Task description: Would you write out the listing verbatim and skip every picture in it?

Given data:
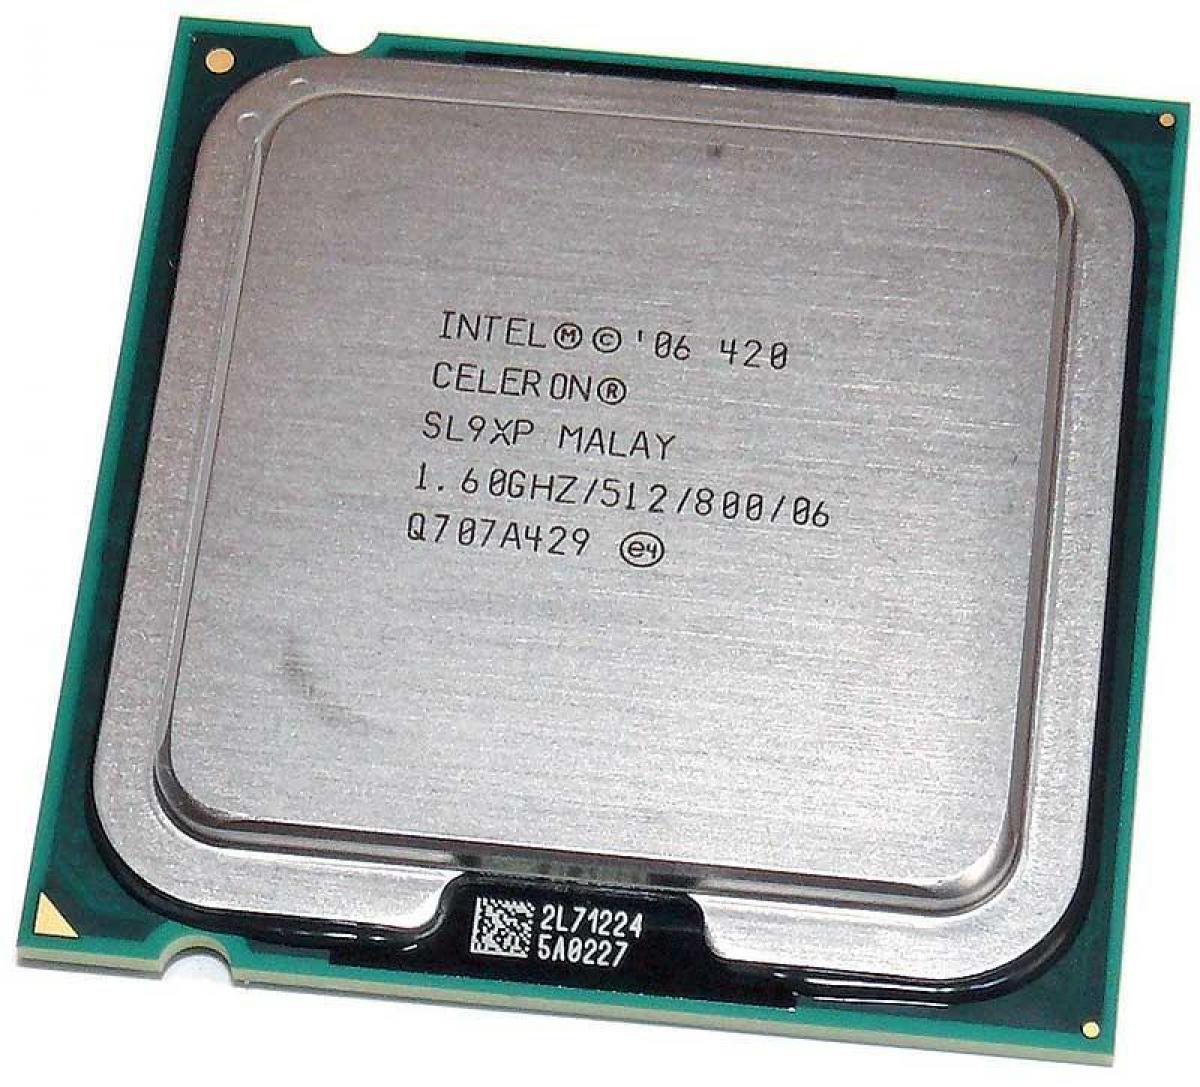 Интел селерон характеристики. Процессор Intel Celeron 6548. Процессор Intel Celeron 420 1.6 ГГЦ. Процессор Интел 04 Celeron. Интел 0.2 Celeron Malay.
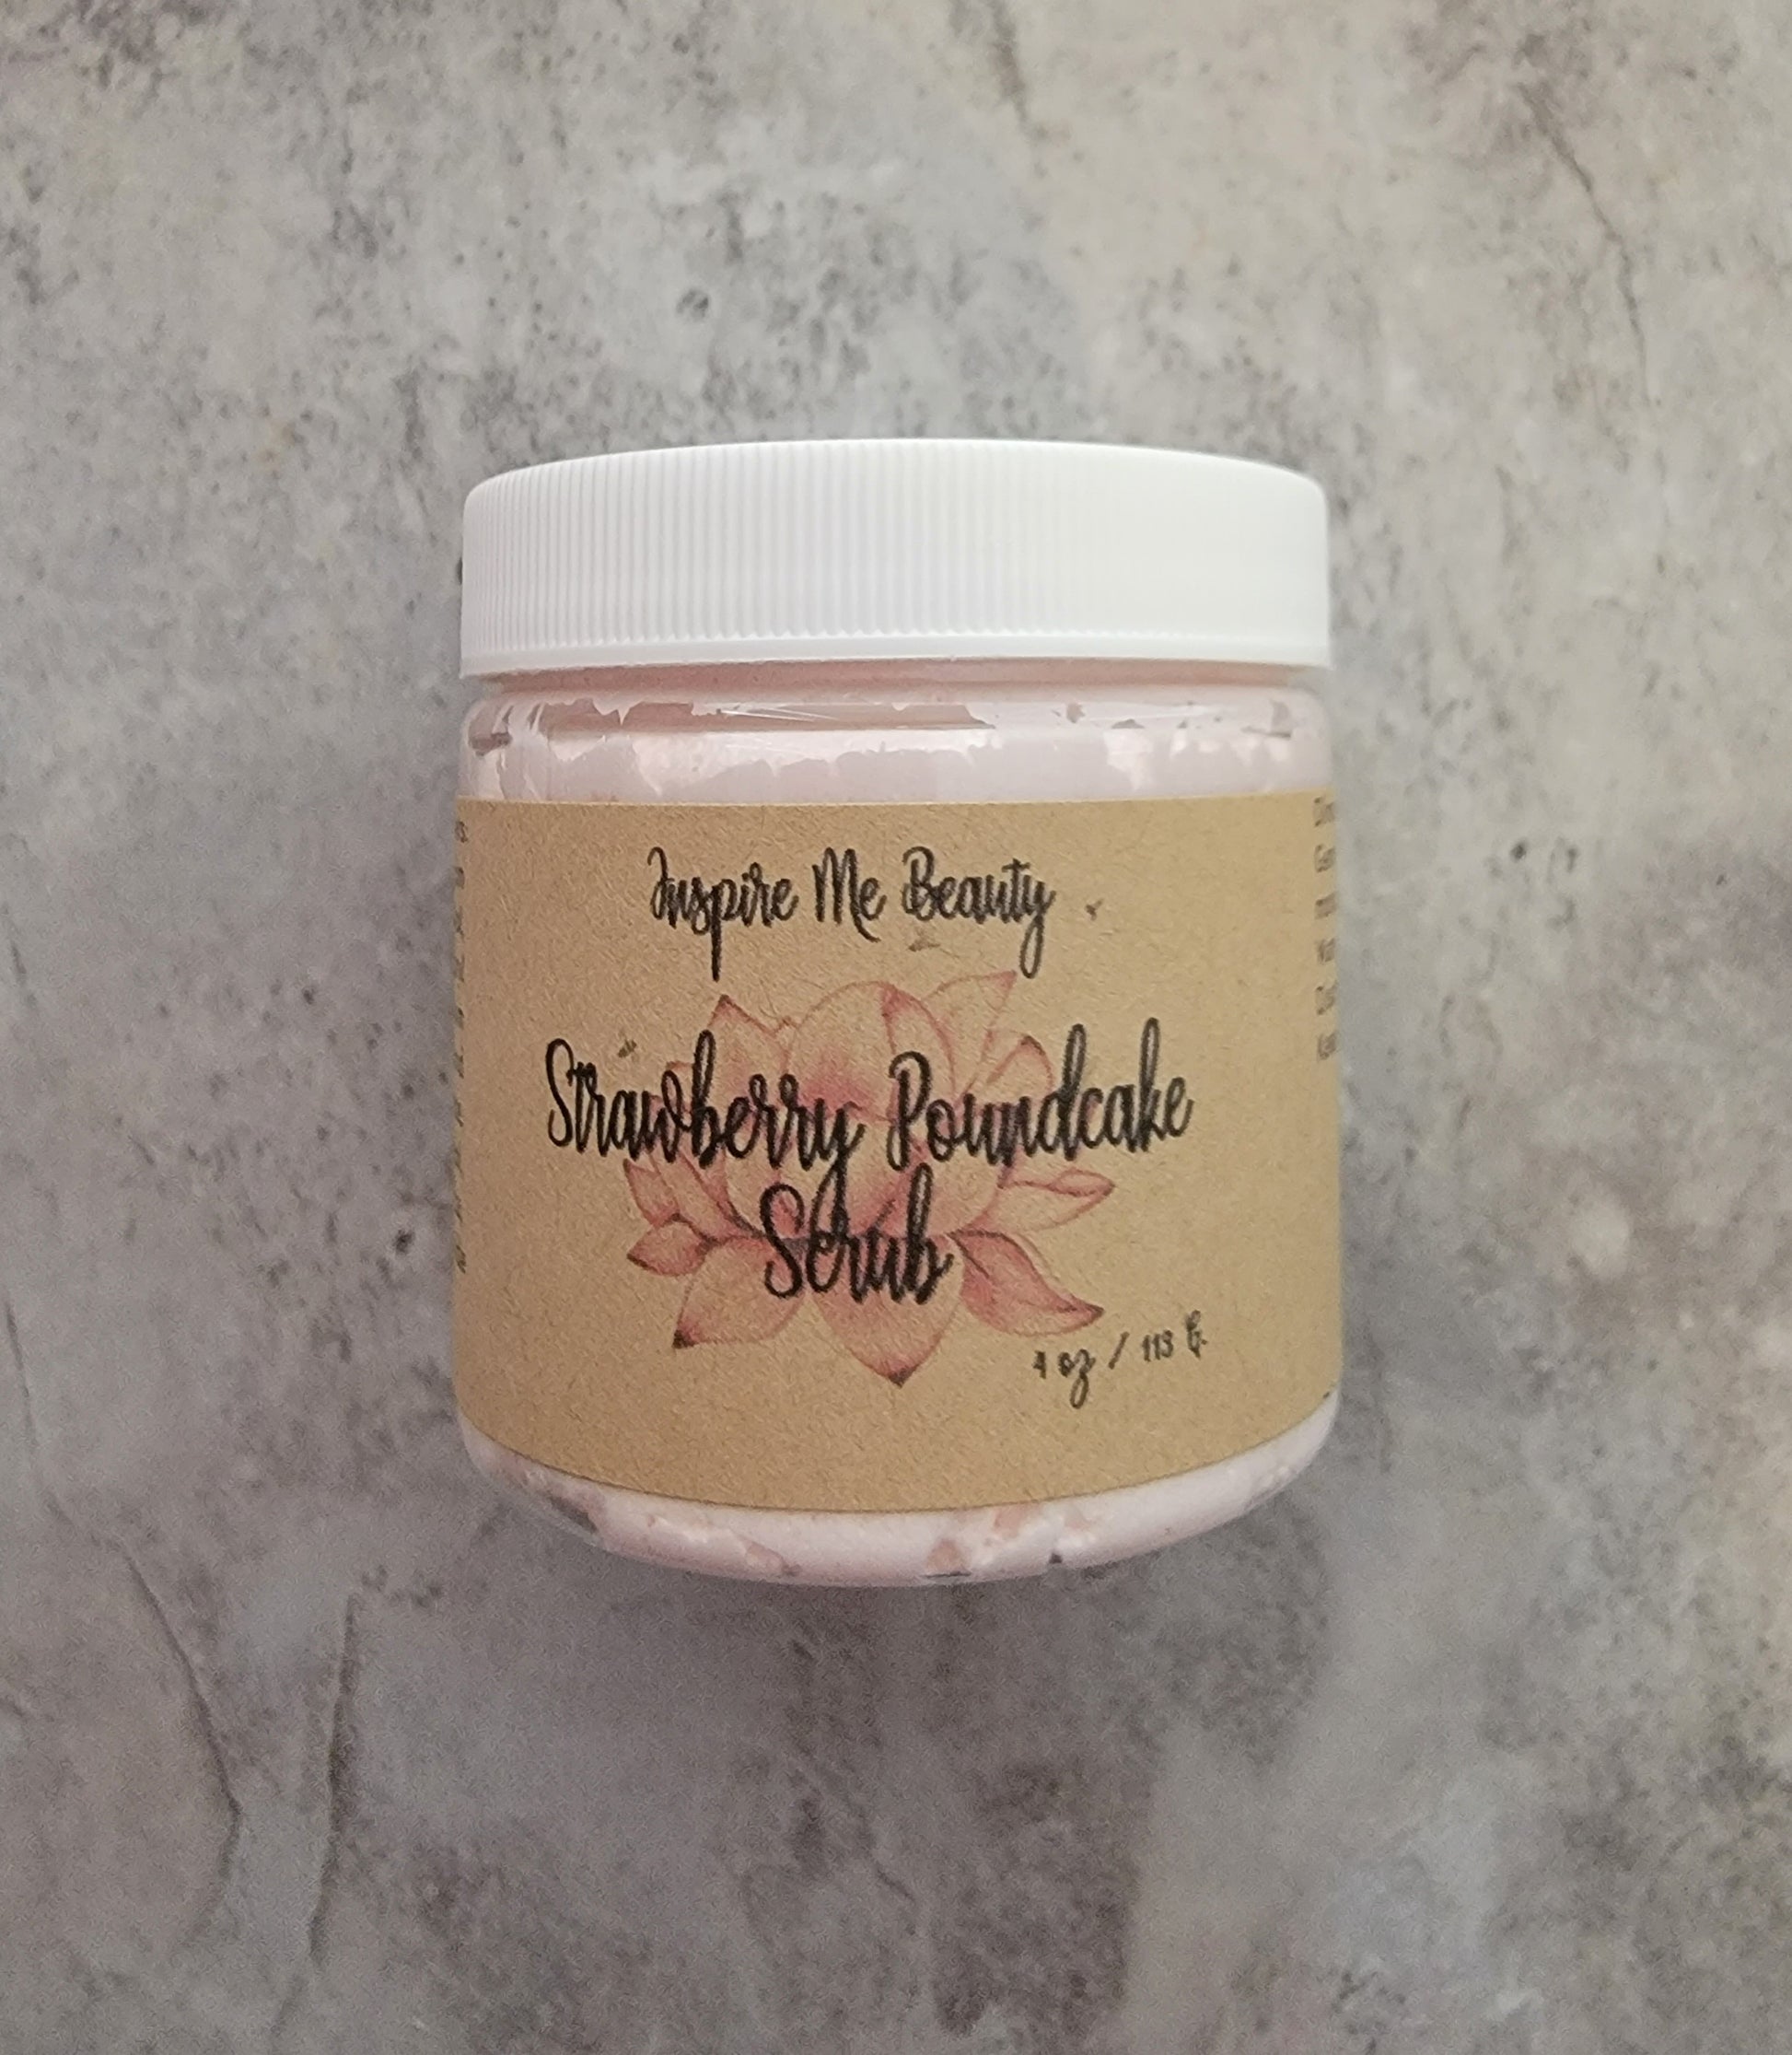 Strawberry Poundcake Soap Scrub by Inspire Me Beauty
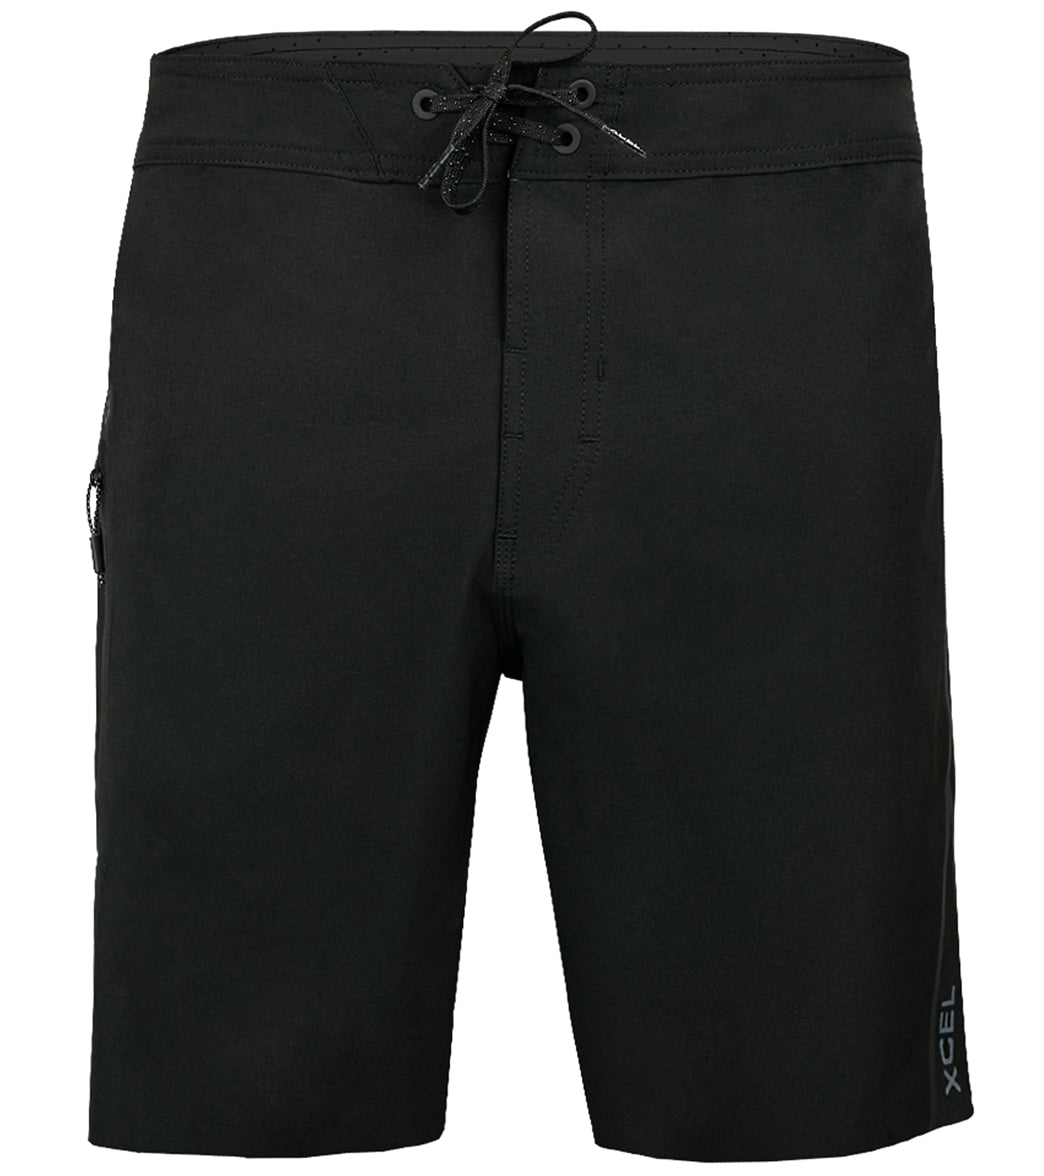 Xcel Men's Drylock 18.5 Boardshorts - Black 28 - Swimoutlet.com

Written solution:
 Интел селерон характеристики. Процессор Intel Celeron 6548. Процессор Intel Celeron 420 1.6 ГГЦ. Процессор Интел 04 Celeron. Интел 0.2 Celeron Malay.
 Strawberry Poundcake Soap Scrub by Inspire Me Beauty
 Xcel Men's Drylock 18.5 Boardshorts - Black 28 - Swimoutlet.com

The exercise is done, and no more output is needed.